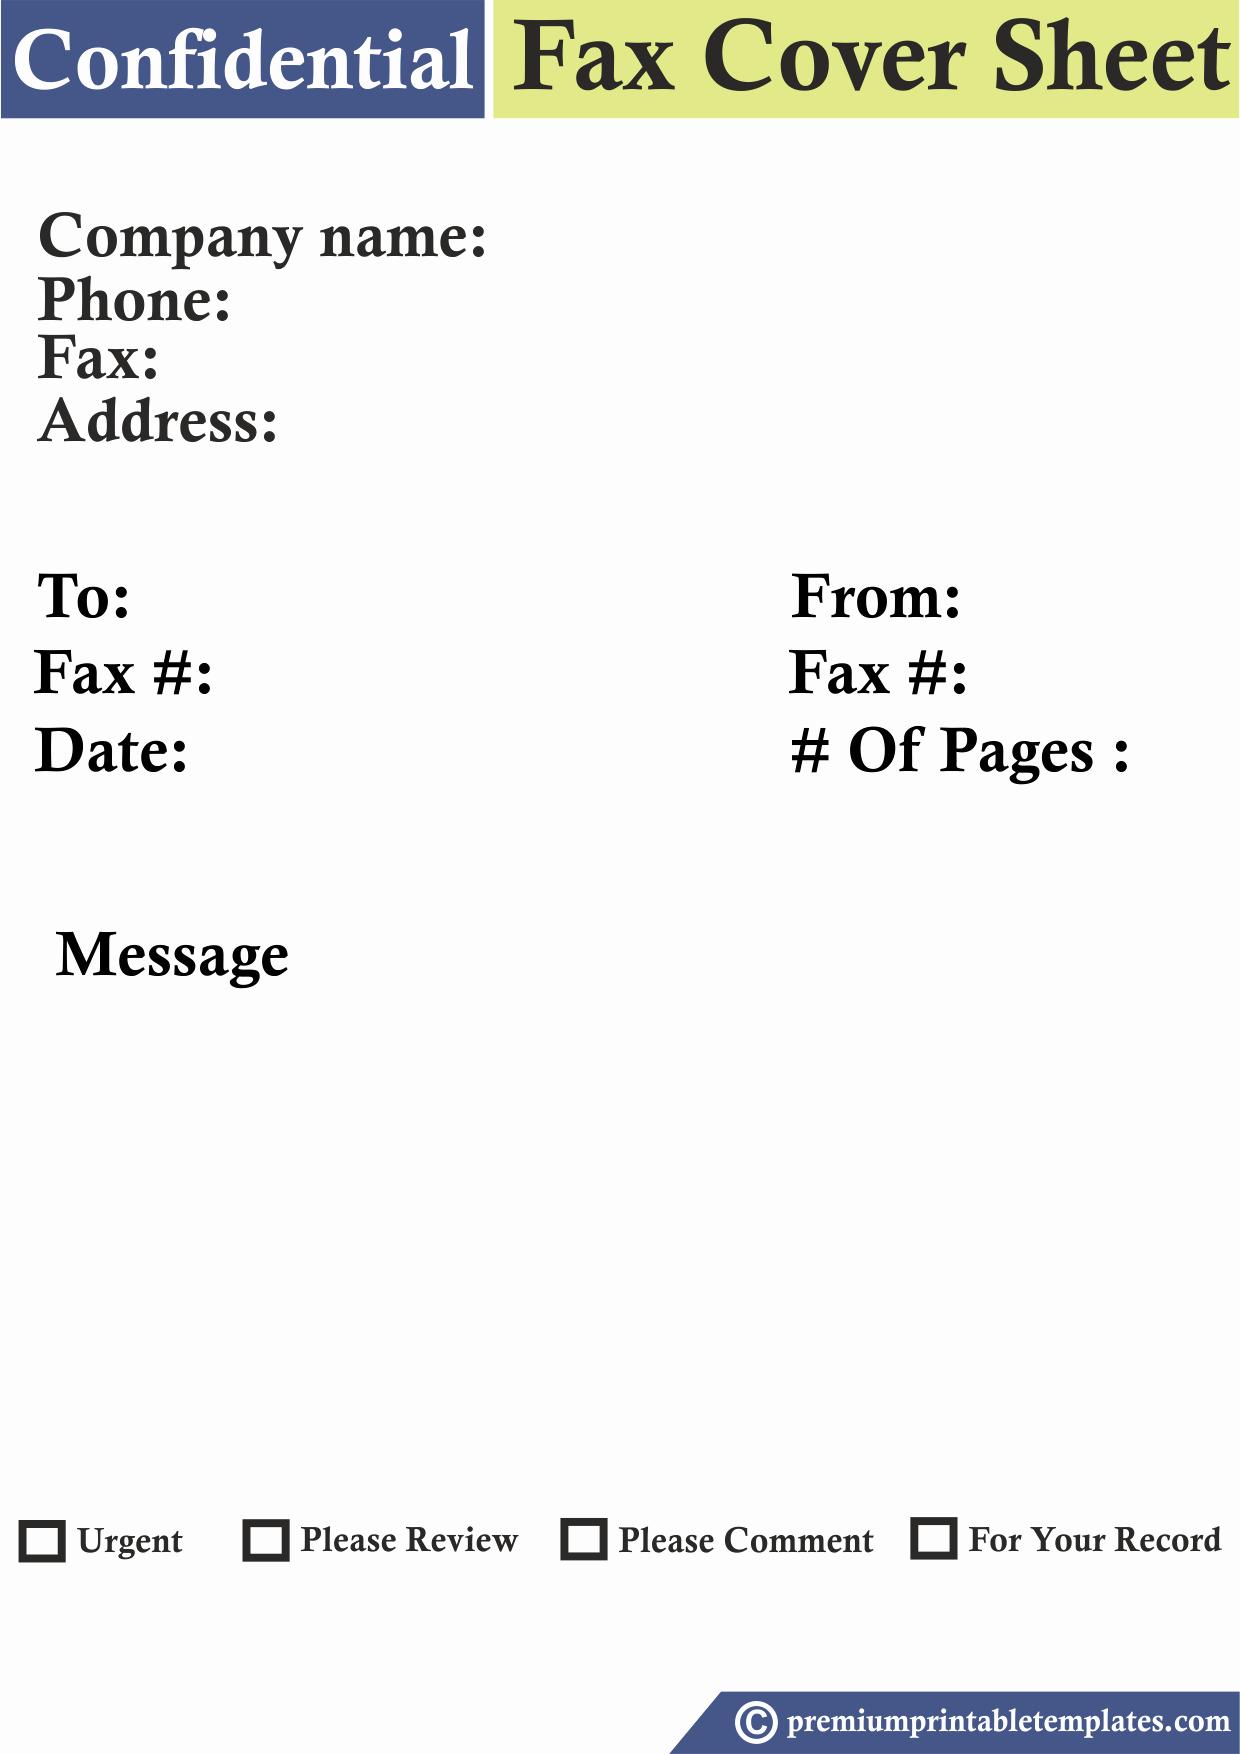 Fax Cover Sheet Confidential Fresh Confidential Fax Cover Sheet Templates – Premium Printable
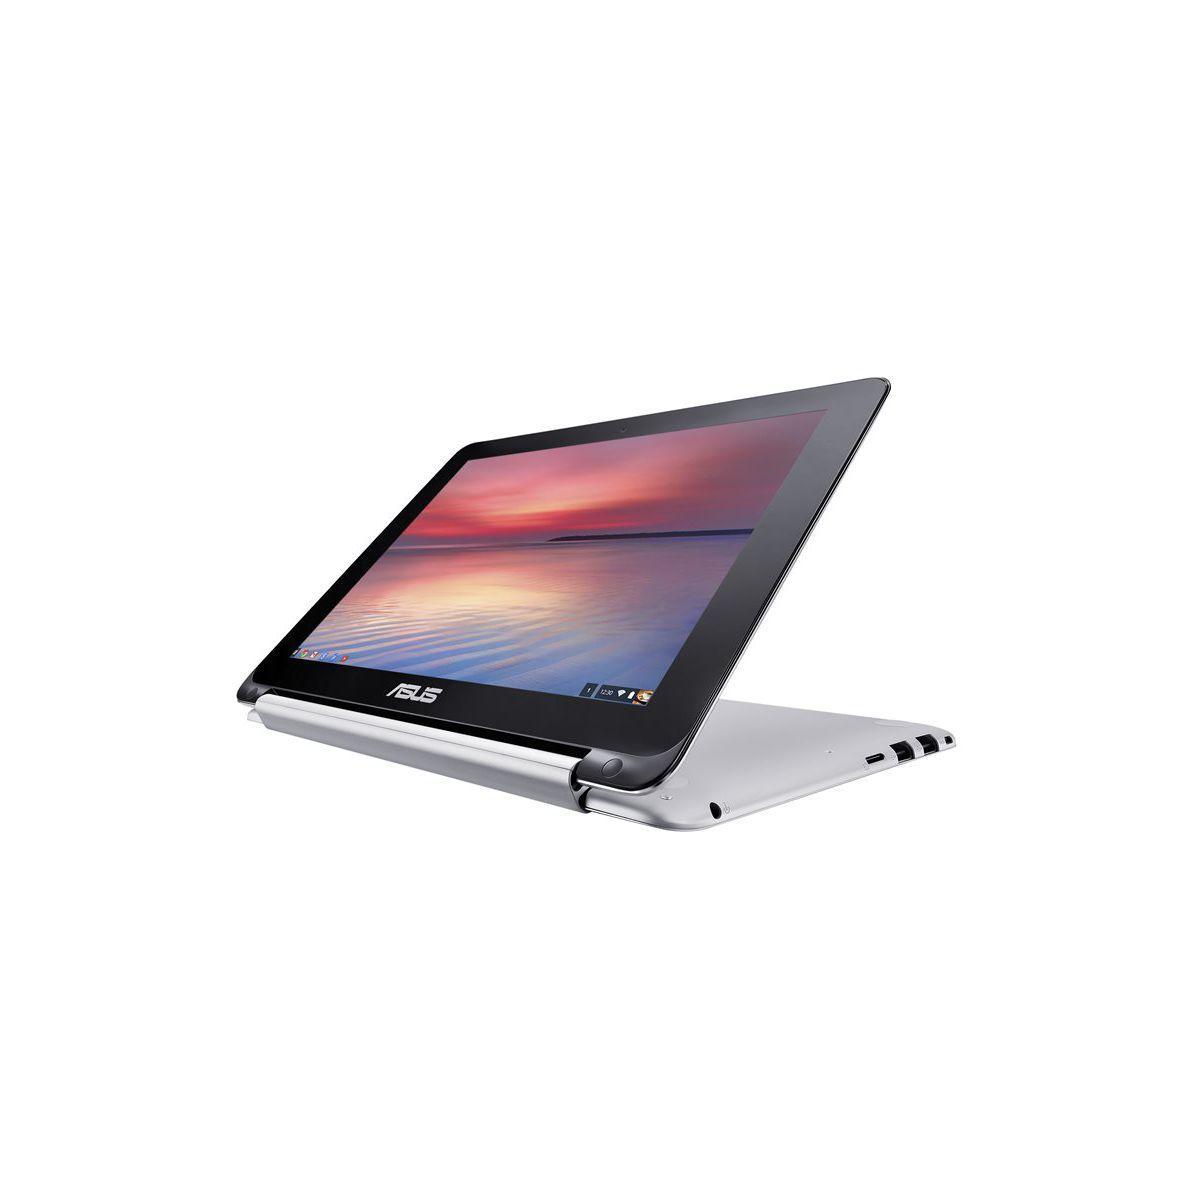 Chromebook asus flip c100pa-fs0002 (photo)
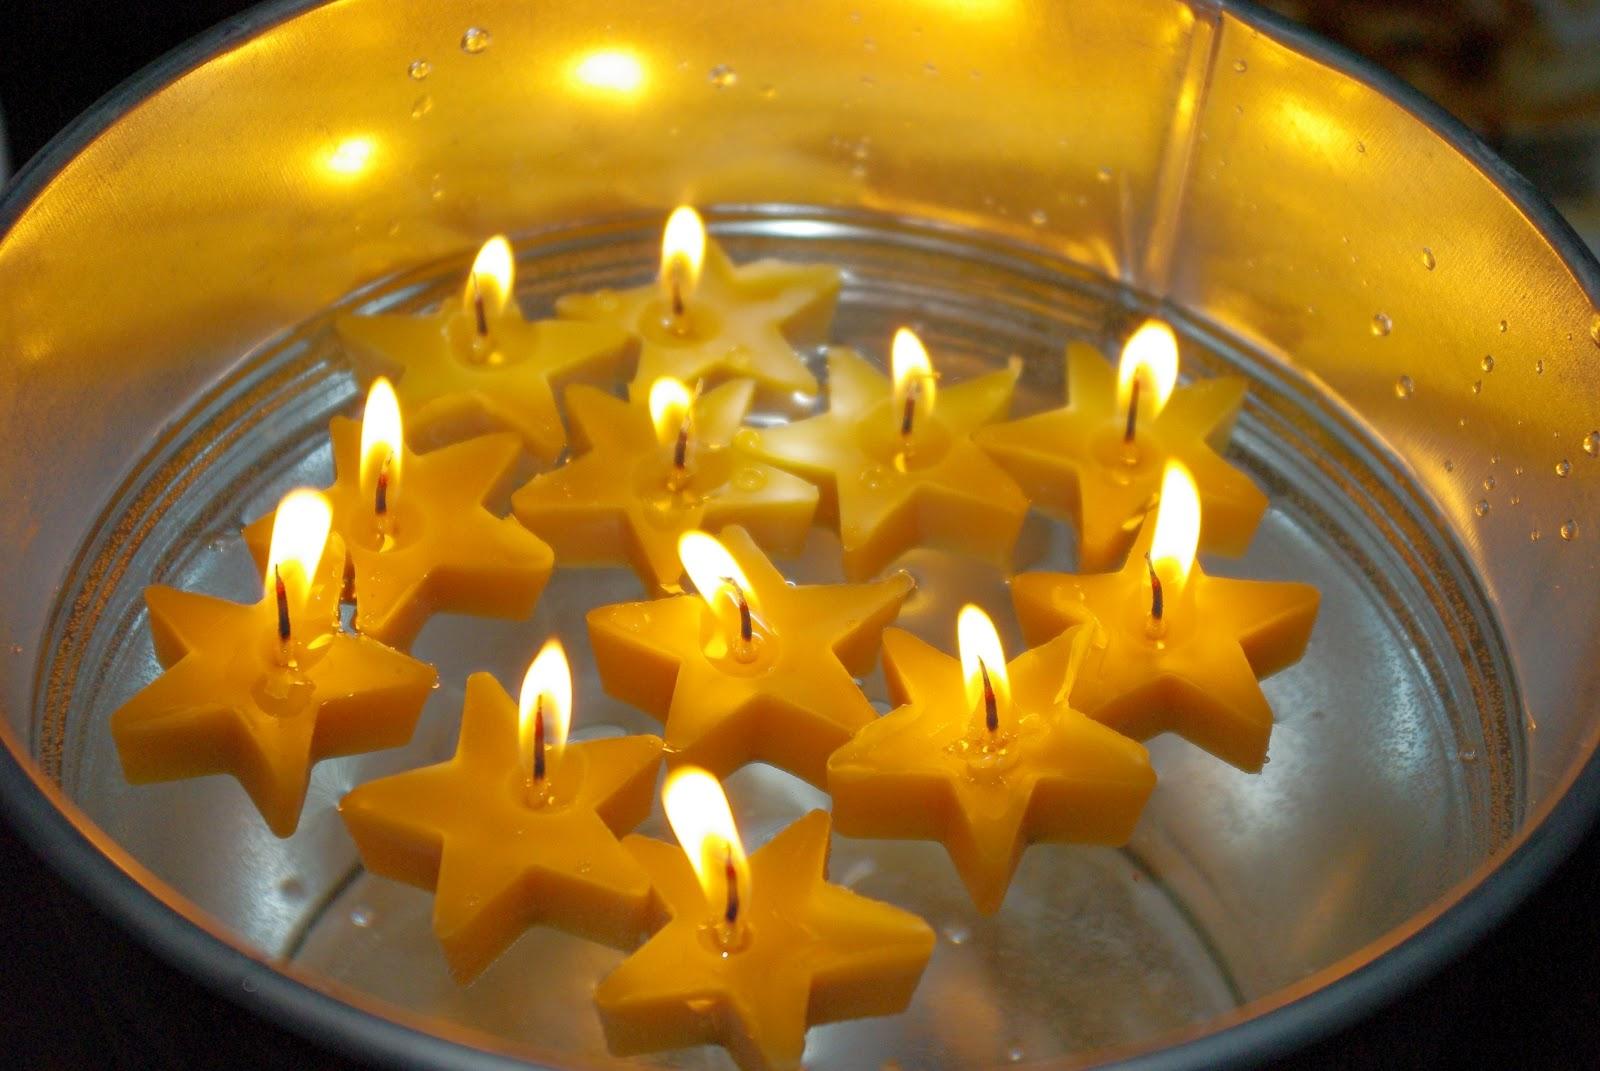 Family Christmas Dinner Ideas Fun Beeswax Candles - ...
____
What to do: The listing is to be repeated exactly, with its pictures removed.

Answer:
 Fax Cover Sheet Confidential Fresh Confidential Fax Cover Sheet Templates – Premium Printable
 Chromebook asus flip c100pa-fs0002 (photo)
 Family Christmas Dinner Ideas Fun Beeswax Candles - ...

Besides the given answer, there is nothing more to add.